Bar des sciences  « Mères porteuses, progrès ou dérive de la science? » au bar L'barouf, le 23 mai

Bar des sciences « Mères porteuses, progrès ou dérive de la science? » au bar L'barouf, le 23 mai

Photo : Radio-Canada

Radio-Canada

Le phénomène des mères porteuses, qui prend de l'ampleur dans nos sociétés, est vu par certains comme un progrès social et médical permettant à des couples infertiles ou de même sexe de devenir parents; pour d'autres, c'est une dérive qui instrumentalise des femmes et conduit à une marchandisation des enfants. Des experts en ont discuté lors du dernier Bar des sciences.

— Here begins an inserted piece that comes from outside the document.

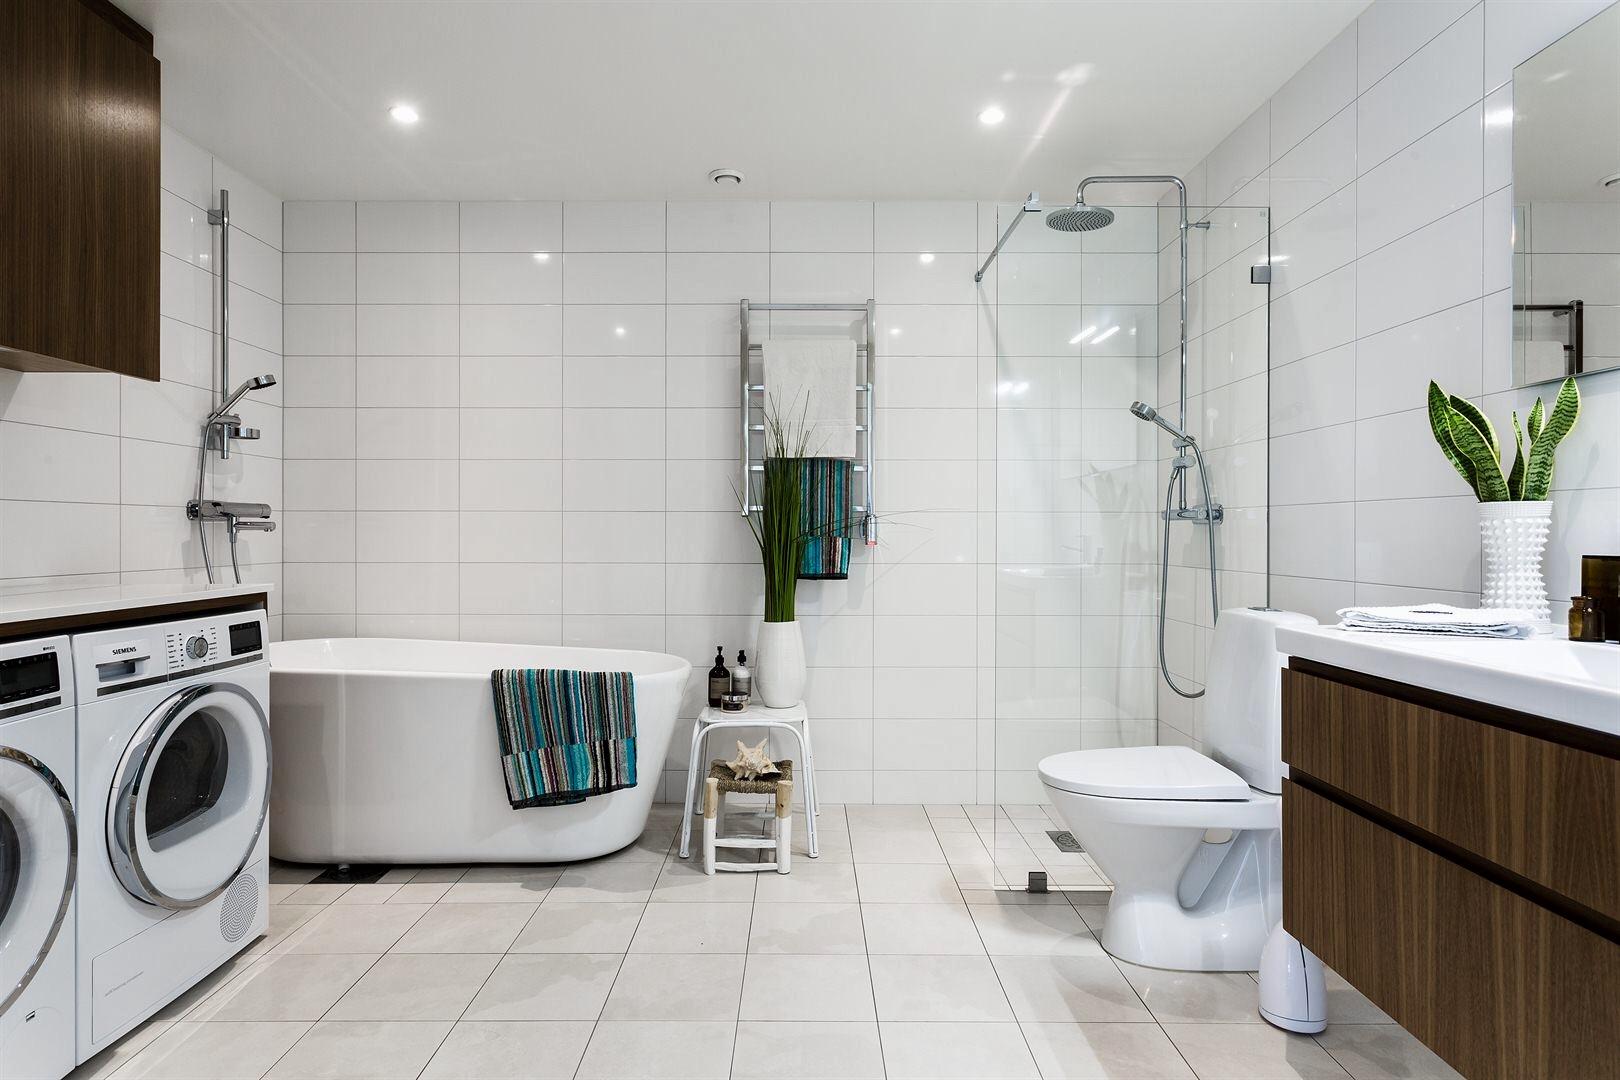 ванная комната санузел полотенцесушитель ванна душевая кабина трап раковина комод зеркало столешница стиральная сушильная машина

Un texte de Mathieu Gobeil

Au Canada, on peut recourir à une mère porteuse, mais il est illégal de la rémunérer. Les sanctions peuvent aller jusqu’à 10 ans d’emprisonnement. Néanmoins, une compensation pour les frais engagés pendant la grossesse est permise.

Bien que des centaines de couples canadiens ont recours chaque année à cette pratique – aussi appelée gestation pour autrui ou maternité de substitution – la question de sa légitimité fait toujours débat.

Pour Maria De Koninck, sociologue à la faculté de médecine de l’Université Laval, il s’agit d’une pratique illégitime, compte tenu des avancées réalisées ces dernières années en matière de droits de la personne.

« C’est une nouvelle forme d’appropriation du potentiel reproductif des femmes. C’est une négation de la complexité de l’expérience de la grossesse et de l’accouchement. […] Je vois cette pratique comme une composante de la nouvelle économie du vivant, dans laquelle il y a exploitation et marchandisation », affirme la sociologue, qui s’exprimait dans le cadre du Bar des sciences, tenu à Montréal le 23 mai.

C’est une atteinte à la dignité des femmes qui deviennent des instruments et c’est une atteinte à la dignité de l’enfant. Personne ne devrait faire l’objet d’un échange, que ce soit à l’amiable ou dans des conditions où on rémunère.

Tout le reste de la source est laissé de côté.